Oscillating Loss and constant validation loss

Nikhil_Pinnaparaju · October 24, 2019, 6:52am

My training loss keeps going slightly up and down around the same value using MSELoss(). On top of that my validation loss stays the exact same down to the 8th decimal point. Did I mess something up because I don’t think my model is training?

class LSTMSentenceEncoder(nn.Module):
    def __init__(self,input_size,hidden_size,num_layers,vectors,word2idx):
        super(LSTMSentenceEncoder,self).__init__()
        self.embedding = nn.Embedding.from_pretrained(vectors,freeze=False,padding_idx=word2idx['_PAD'])
        
        self.lstm = nn.LSTM(input_size,hidden_size,num_layers,batch_first=True)
        
        self.hidden_size = hidden_size
        self.num_layers = num_layers
        self.word2idx = word2idx
        self.input_size = input_size
        
    def forward(self,x):
        if torch.cuda.is_available():
            h0 = Variable(torch.randn(self.num_layers,x.size(0),self.hidden_size),requires_grad=True).cuda()
            c0 = Variable(torch.randn(self.num_layers,x.size(0),self.hidden_size),requires_grad=True).cuda()
            
            embs = self.embedding(x)
            embs = embs.view(x.size(0),-1,self.input_size).requires_grad_().cuda()
            
        else:
            h0 = Variable(torch.randn(self.num_layers,x.size(0),self.hidden_size),requires_grad=True)
            c0 = Variable(torch.randn(self.num_layers,x.size(0),self.hidden_size),requires_grad=True)
        
            embs = self.embedding(x)
            embs = embs.view(x.size(0),-1,self.input_size)
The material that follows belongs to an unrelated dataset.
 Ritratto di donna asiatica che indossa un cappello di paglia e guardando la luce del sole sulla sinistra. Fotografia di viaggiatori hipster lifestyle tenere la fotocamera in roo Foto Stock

        out,(hn,cn) = self.lstm(embs,(h0,c0))
        out = out[:, -1, :]
        return out,hn

class SiameseLSTM(nn.Module):
    def __init__(self,input_size,hidden_size,num_layers,vectors,word2idx):
        super(SiameseLSTM, self).__init__()
        self.encoder = LSTMSentenceEncoder(input_size,hid_size,num_layers,vectors,word2idx)
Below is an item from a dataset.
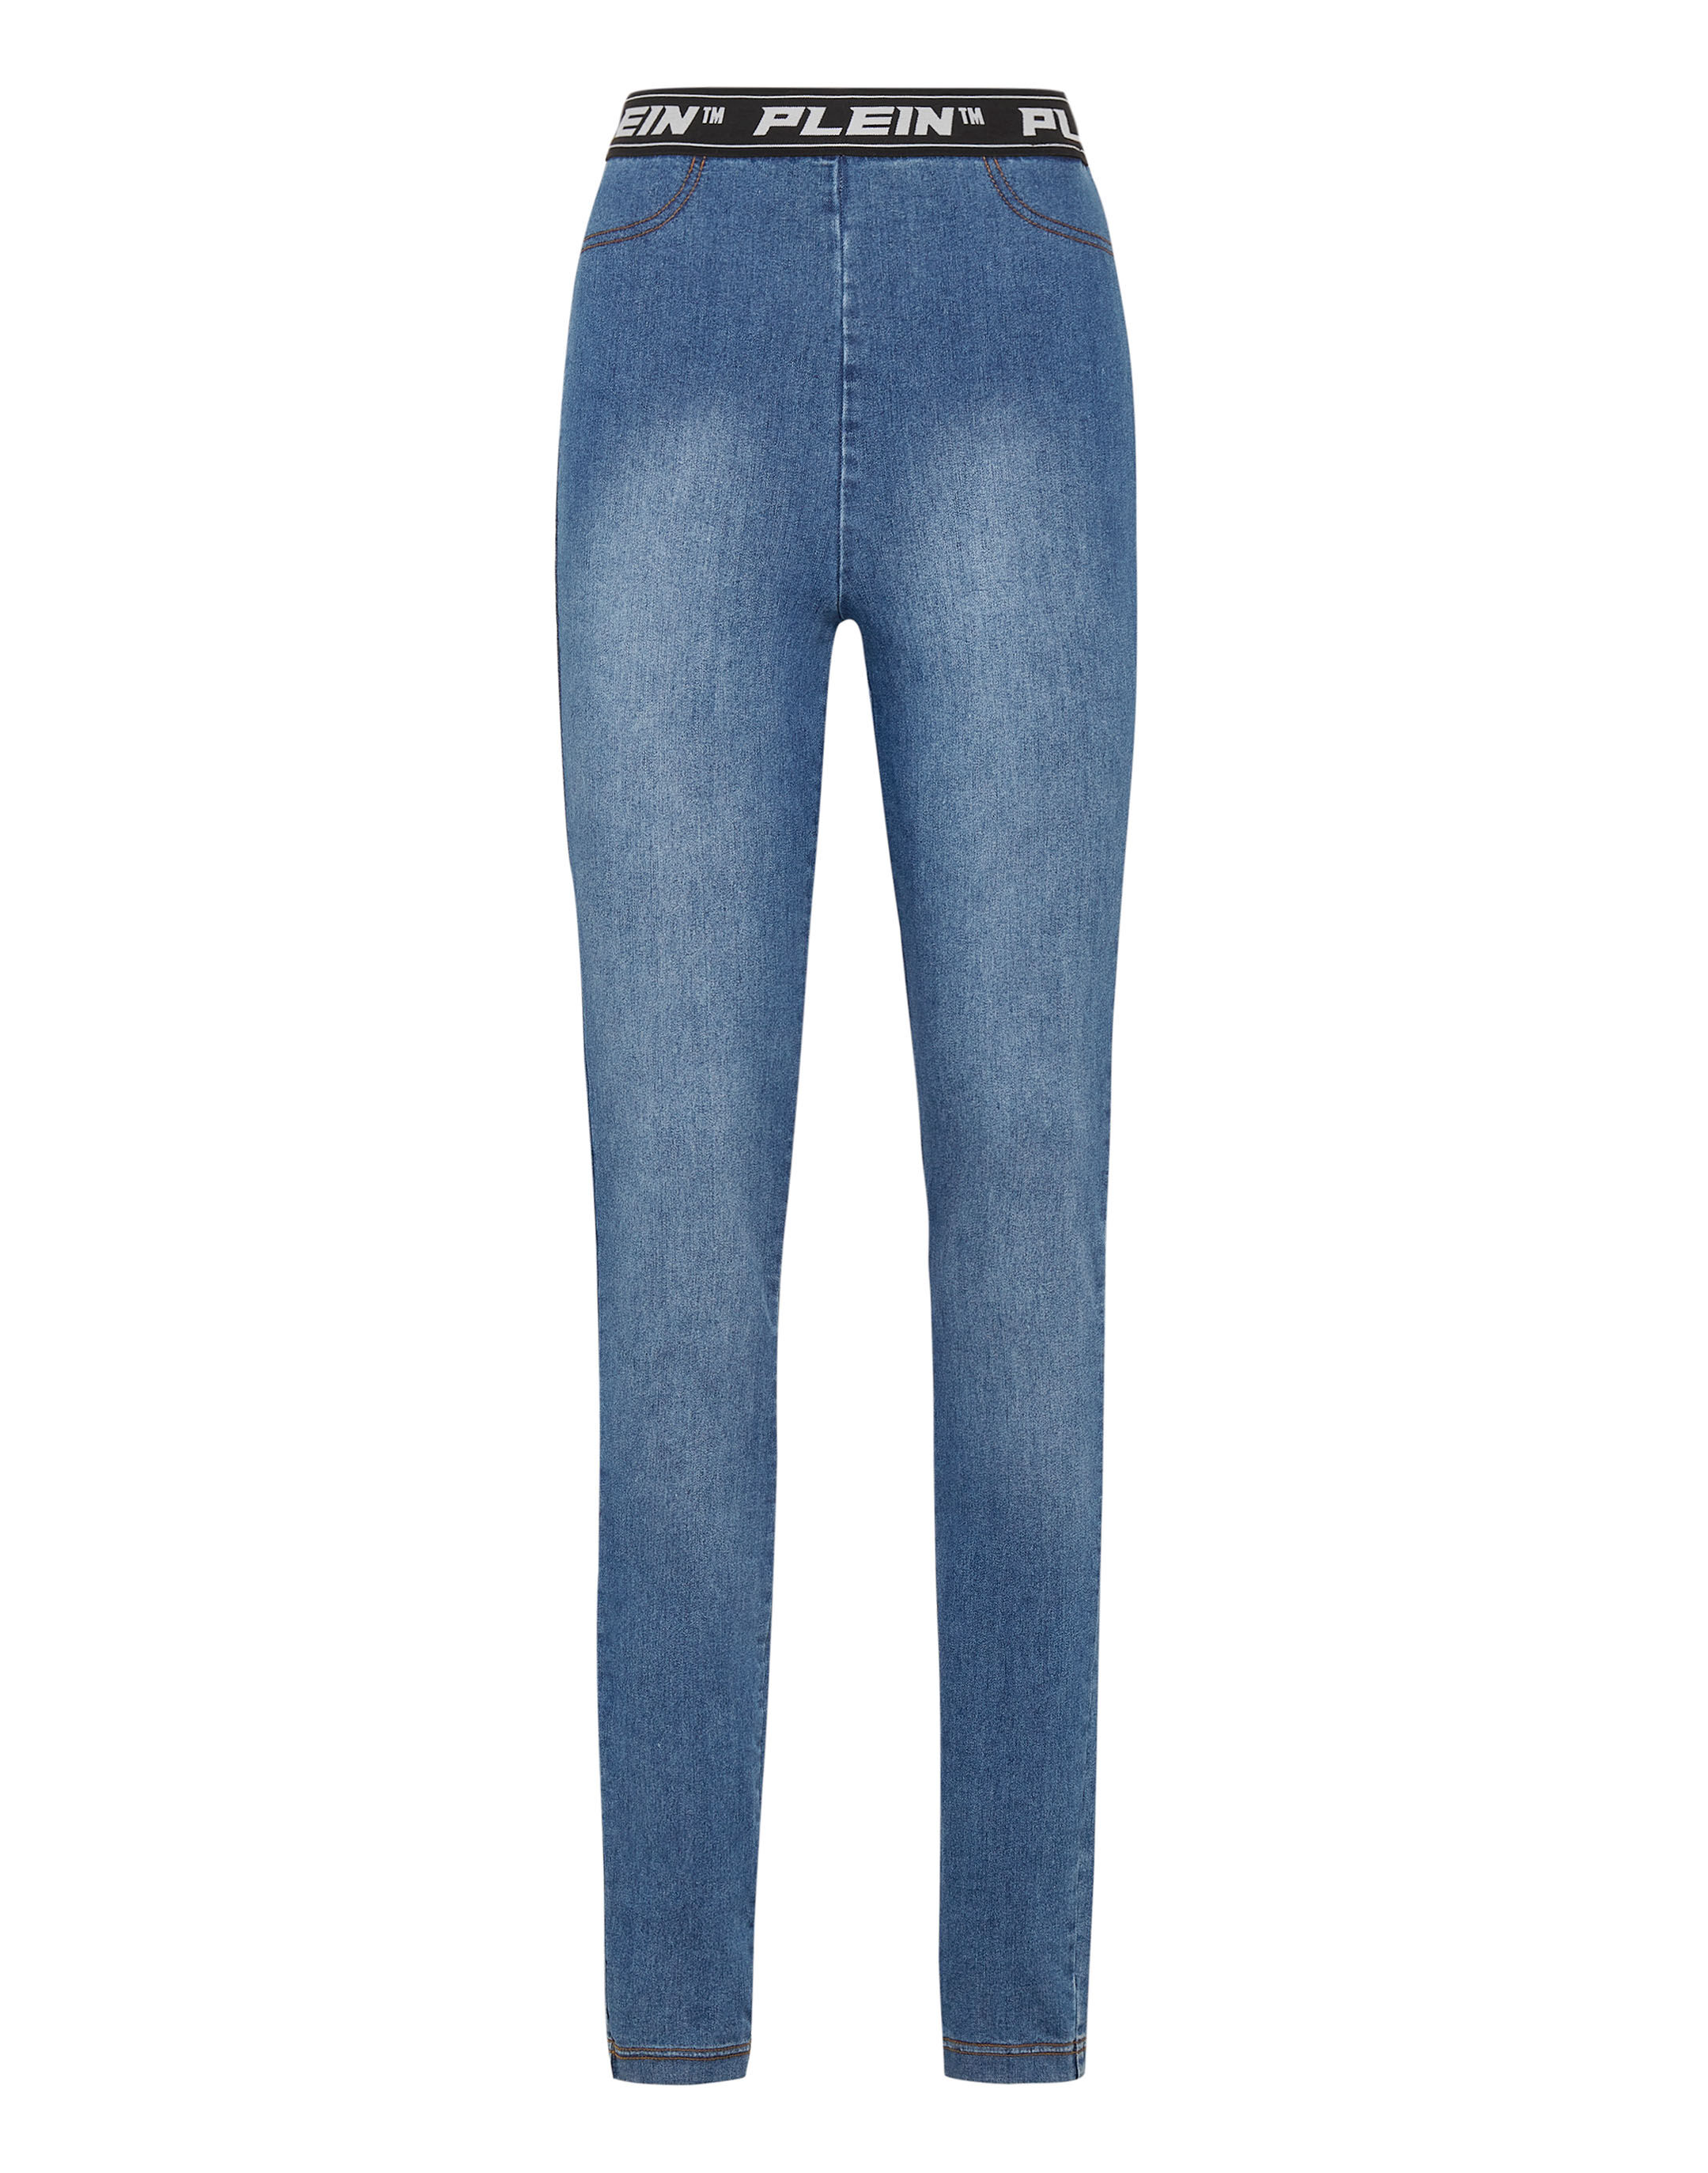 Philipp Plein Denim Andere materialien jeans in Blau Damen Bekleidung Jeans Röhrenjeans

    def forward(self, s1, s2):
        outputs = []
        
        for i in range(len(s1)):
            v1,h1 = self.encoder(s1[i])
            v2,h2 = self.encoder(s2[i])
            # to select the final hidden representation
            h1 = h1[-1,-1,:]
            h2 = h2[-1,-1,:]

            out = torch.exp(-torch.norm((h1 - h2), 1))
            outputs.append(out)

        return torch.stack(outputs).cuda()

model = SiameseLSTM(input_size,hid_size,num_layers,wordEmbs,word2idx)
if torch.cuda.is_available():
    model = model.cuda()
model.float()

optimizer = torch.optim.Adam(model.parameters(),lr = 0.001)
criterion = torch.nn.MSELoss()

count = 0
seq_dim = 15
num_epochs = 5

for epoch in tqdm(range(num_epochs)):
    for i, (s1,s2, labels) in enumerate(trainLoader):
        if torch.cuda.is_available():
            s1 = Variable(s1.view(-1, seq_dim, 1).cuda())
            s2 = Variable(s2.view(-1, seq_dim, 1).cuda())
            labels = Variable(labels.cuda())
            
        else:
            s1 = Variable(s1.view(-1, seq_dim, 1),)
            s2 = Variable(s2.view(-1, seq_dim, 1),)
            labels = Variable(labels)
    
        optimizer.zero_grad()
        
        outputs = model(s1,s2)
        
        loss = criterion(outputs, labels)
        
        loss.backward()
        
        optimizer.step()
        
        count += 1
        
        if count % 10 == 0:
            val_losses = []
            correct = 0
            total = 0
            for s1,s2, labels in testLoader:
                if torch.cuda.is_available():
                    s1 = Variable(s1.view(-1, seq_dim, 1).cuda())
                    s2 = Variable(s2.view(-1, seq_dim, 1).cuda())
                    labels = Variable(labels.cuda())

                else:
                    s1 = Variable(s1.view(-1, seq_dim, 1),)
                    s2 = Variable(s2.view(-1, seq_dim, 1),)
                    labels = Variable(labels)
                
                predicted = model(s1,s2)
                
                total += labels.size(0)

                vloss = criterion(predicted,labels)
                val_losses.append(vloss.data.cpu())
            
            print('Iteration: {}. Loss: {}. MSE: {}'.format(count, loss.item(), np.mean(val_losses)))

shagunsodhani · February 1, 2020, 6:17pm

This could be due to many reasons, the most probable being using a very high/low learning rate. Could you try tweaking that?

DrDumbenstein · January 5, 2021, 6:44am

I am having the same problem, did you solve it?